Adding Reliable fixed it instantly and completely, and I've not seen the event go missing since, even under deliberately awful simulated network conditions. Unreal has a built-in network emulation setting precisely for this, letting you inject packet loss and latency, and I now run a chunk of my testing with a few percent loss dialled in specifically to flush out exactly this class of bug. If a feature breaks under simulated loss, it was relying on reliability it never asked for.

The footgun is this: the default is unreliable, the failure mode is silence, and your development environment hides it perfectly. Three things lining up to let you ship something that works on your machine and flakes in the wild. The mental model that bit me is treating RPCs like local function calls, where a call always runs. They aren't. They're messages across a lossy network, and the contract is whatever reliability flag you set, or whatever the default sets for you when you forget.

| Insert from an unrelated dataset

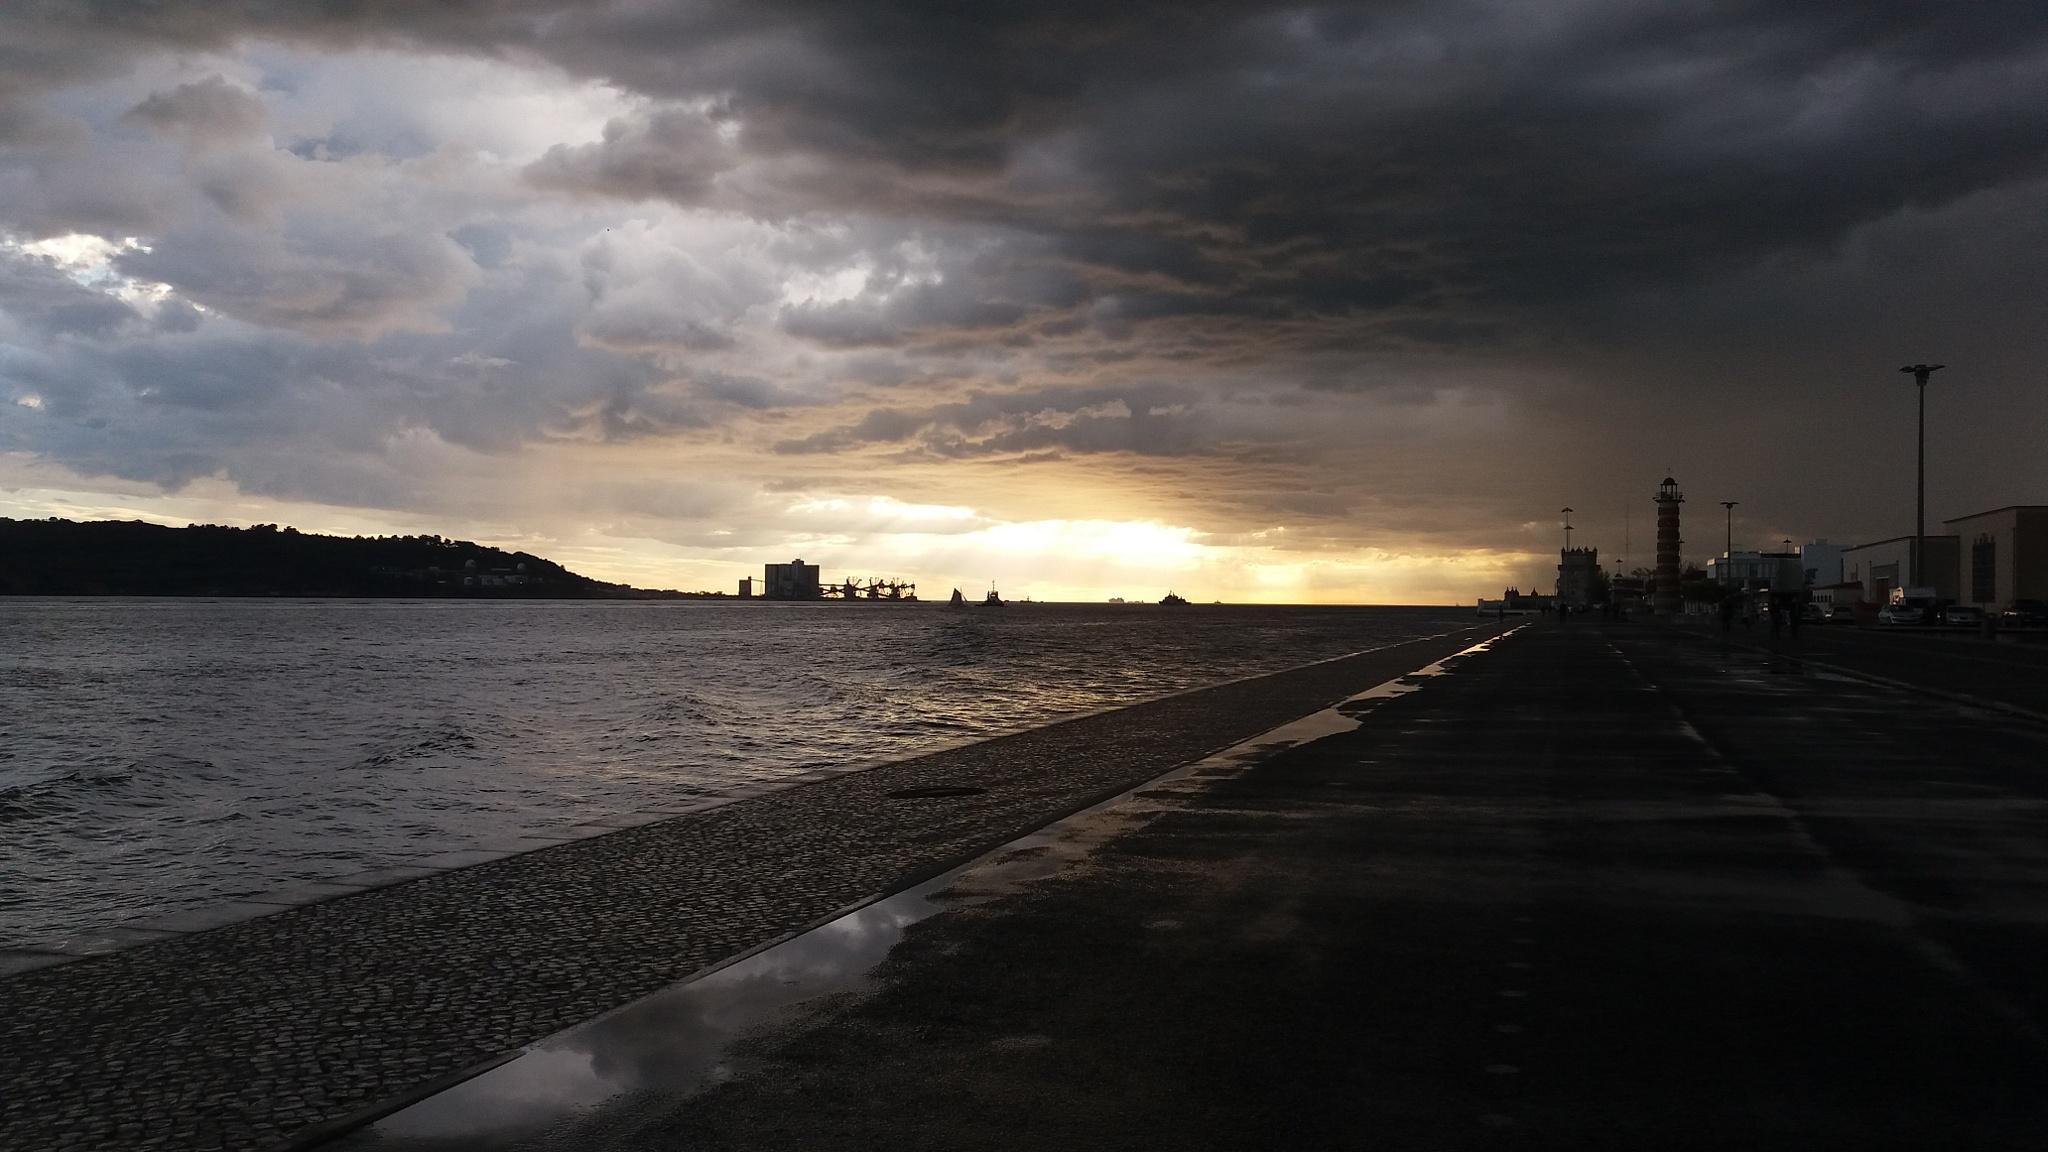 Weather change at late arvo by Nea Lo

So the rule I've written on the metaphorical wall: every RPC gets an explicit reliability decision, on purpose, in the declaration. If it's a discrete event that has to land, it's Reliable, no exceptions. If it's a frequent update where the next one covers a miss, it's Unreliable, and I've thought about why. The thing I will not do again is leave it to the default and find out the hard way, one dropped packet at a time, on a Sunday I'd rather have spent doing almost anything else.